◆ Information provided ◆

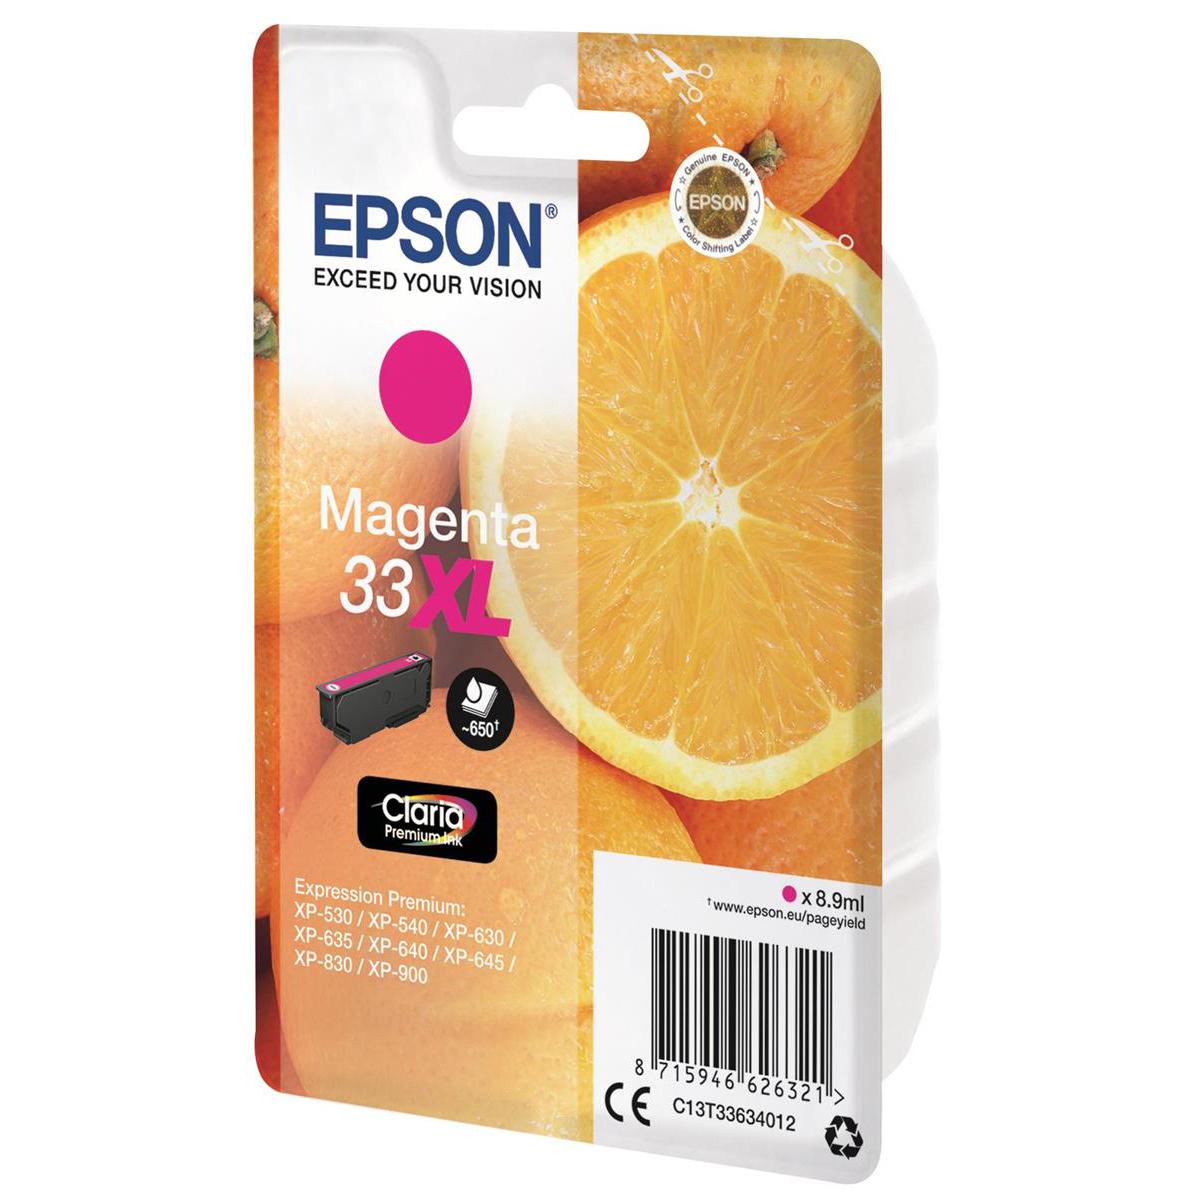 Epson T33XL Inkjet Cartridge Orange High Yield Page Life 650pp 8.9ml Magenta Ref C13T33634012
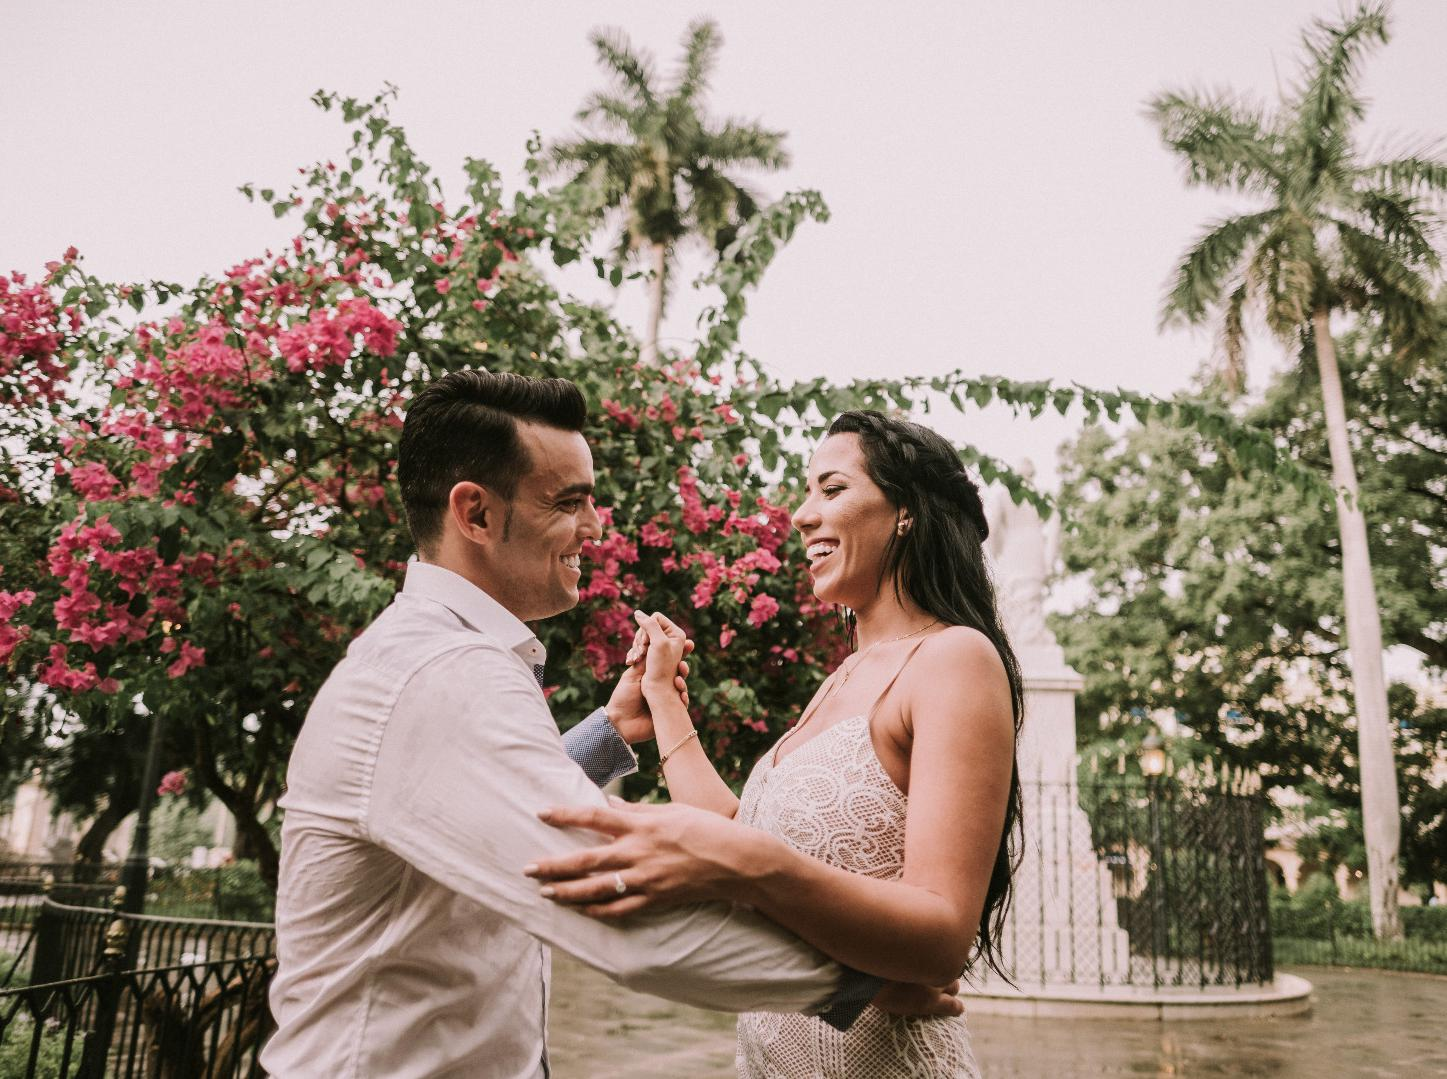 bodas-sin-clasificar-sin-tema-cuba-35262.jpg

* * *

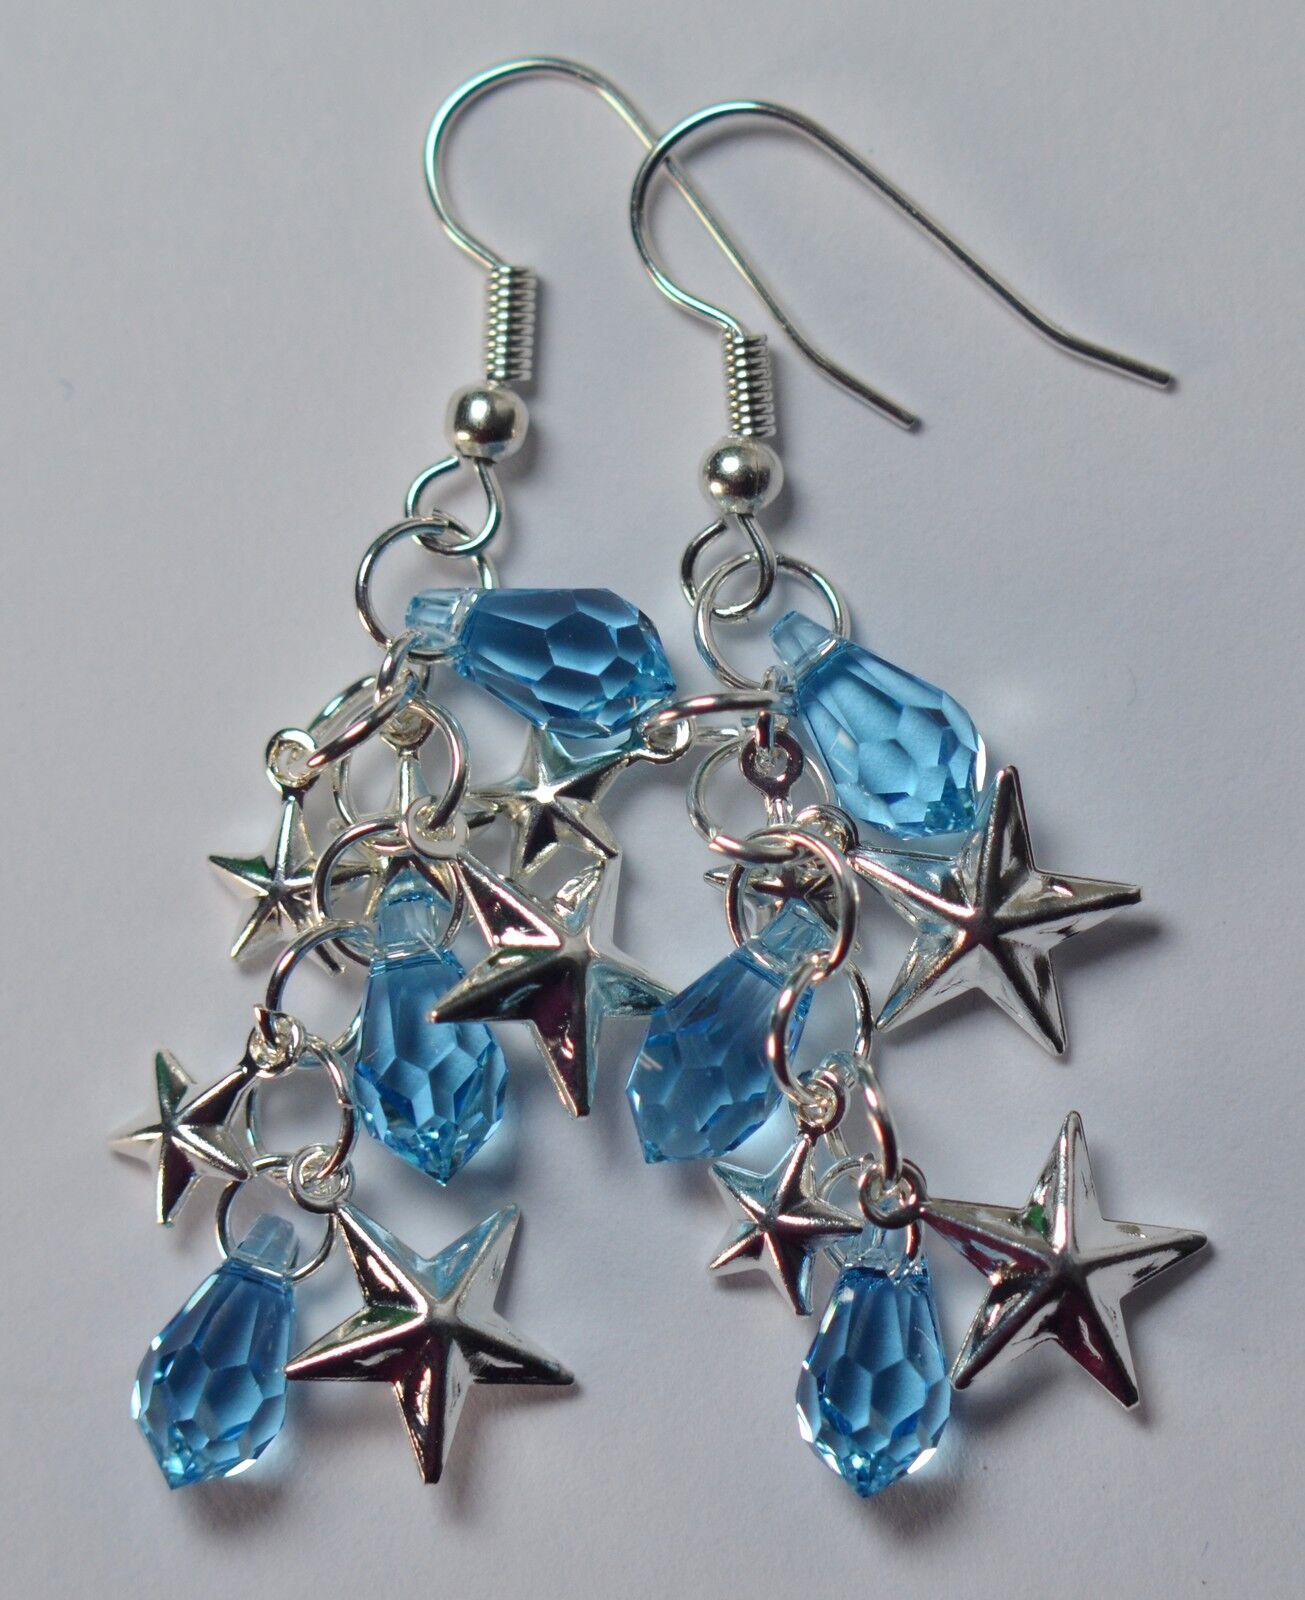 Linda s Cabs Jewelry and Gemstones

==

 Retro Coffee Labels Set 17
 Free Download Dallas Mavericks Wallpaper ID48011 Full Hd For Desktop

◆ Problem statement ◆
Extract the part of the records that opens with the line containing "Epson T33XL Inkjet" and closes with the line containing "bodas-sin-clasificar-sin-tema-cuba-35262.jpg". Take only those lines, exactly, and no pictures.

◆ Response to the task ◆
 Epson T33XL Inkjet Cartridge Orange High Yield Page Life 650pp 8.9ml Magenta Ref C13T33634012
 bodas-sin-clasificar-sin-tema-cuba-35262.jpg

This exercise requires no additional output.